II

Quelques instants plus tard, je galopais sur la route poudreuse qui longe la base des montagnes élevées qui entourent Monterey. Mon cheval faisait merveille et j'étais enthousiasmé de la surprise que j'allais causer à mon Anita qui me croyait encore à Victoria, à guerroyer contre ce brigand de Canales.

Je répondais d'un air souriant aux Buenos Dias hypocrites des rancheros que je rencontrais sur la route. Il était notoire que ces coquins nous disaient bonjour du bout des lèvres, tandis que dans leurs coeurs, ils nous vouaient à tous les diables. Mais j'étais de bonne humeur et j'oubliais pour le moment que j'étais en pays ennemi.

Je fis ainsi, sans y penser, cinq ou six lieues. Le coeur me battait d'aise, à la pensée de l'heureuse inspiration que j'avais eue de me procurer une nouvelle monture qui me permettrait de passer sept ou huit heures auprès de l'objet de mes affections; ce qui est une dose de bonheur énorme pour un militaire en campagne, croyez m'en sur parole, heureux lecteur qui n'êtes jamais sorti de la paisible catégorie des péquins.

Je galopais donc content de moi-même et ne pensant nullement au danger, quant j'arrivai au gué d'une petite rivière qu'il me fallait traverser pour continuer ma route.

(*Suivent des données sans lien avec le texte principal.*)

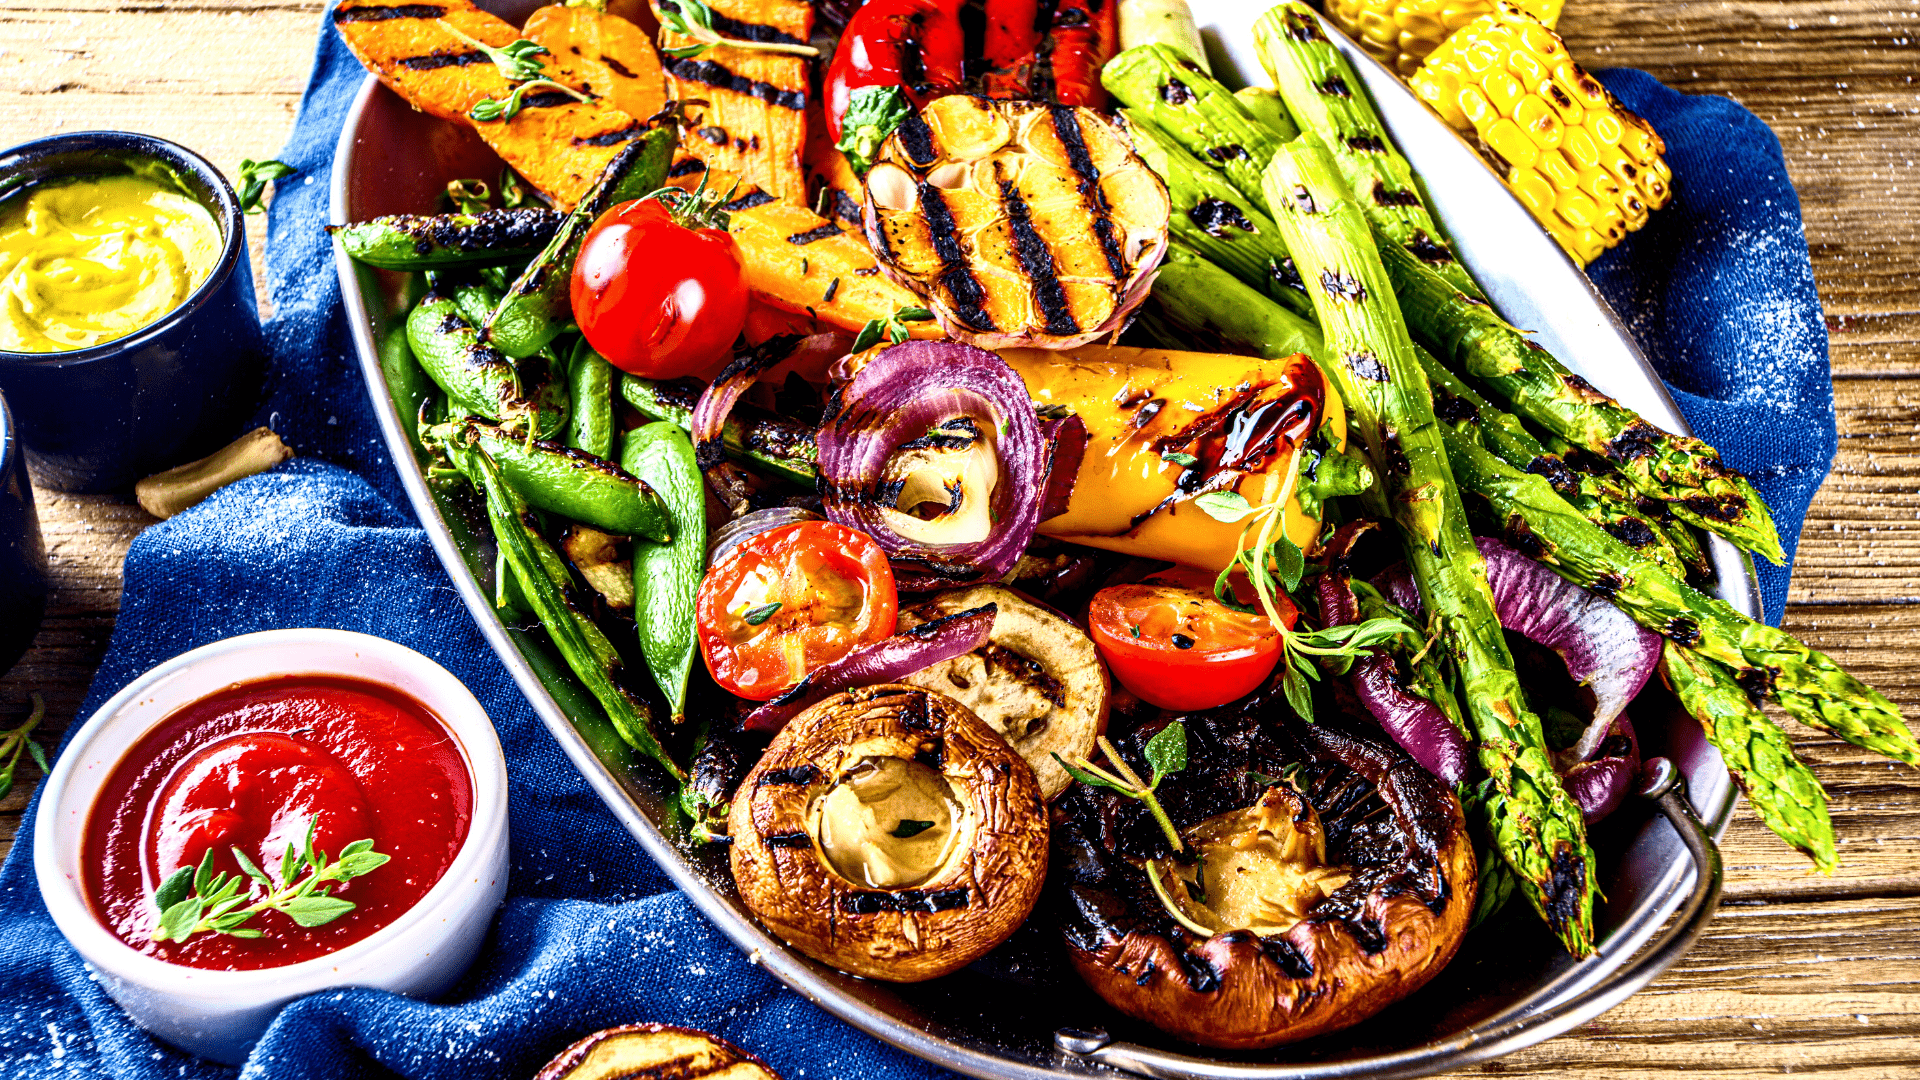 8 best recipes for smoked vegetables to use at your next barbecue

Je lâchai la bride à mon cheval pour lui permettre de s''abreuver à l'eau claire qui roulait sur un lit de cailloux. Je me préparais à fumer une cigarette, quand le bruit des pas de plusieurs chevaux me fit tourner la tête. Je vis cinq ou six cavaliers qui se dirigeaient vers moi, mais qui, évidemment, jusque là, ne m'avaient pas encore aperçu.

Leur tenue demi militaire me fut un devoir de m'assurer à qui j'avais affaire, avant de les laisser s'avancer plus près, et je les interpellai de la phrase habituelle:

--Quien vive?

--Amigos! répondirent en choeur mes interlocuteurs qui s'avançaient toujours, et qui me lancèrent en passant des bonjours équivoques. Je les laissai s'avancer et traverser la rivière, mais je résolus de ne pas les perdre de vue, pour éviter toute espèce de malentendu de la part de ces messieurs que je soupçonnais fortement d'appartenir à quelque bande du voisinage. Je les suivis donc à distance, bien décidé à ne pas leur donner la chance de se cacher dans les broussailles et de me lancer une balle à la manière proverbiale des brigands à qui nous faisions la guerre.

Je crus m'apercevoir que l'un d'entre eux tournait de temps en temps la tête, comme pour s'assurer que je les suivais toujours, mais j'en arrivai bientôt à ne plus y porter attention et à croire, qu'après tout, ces pauvres diables pouvaient bien n'être pas autres que de paisibles fermiers du voisinage qui revenaient de Monterey. Je me relachai donc de ma surveillance et je retombai peu à peu, dans la série d'idées couleur de rose que m'avait inspirées l'espoir de me trouver bientôt auprès de mon Anita.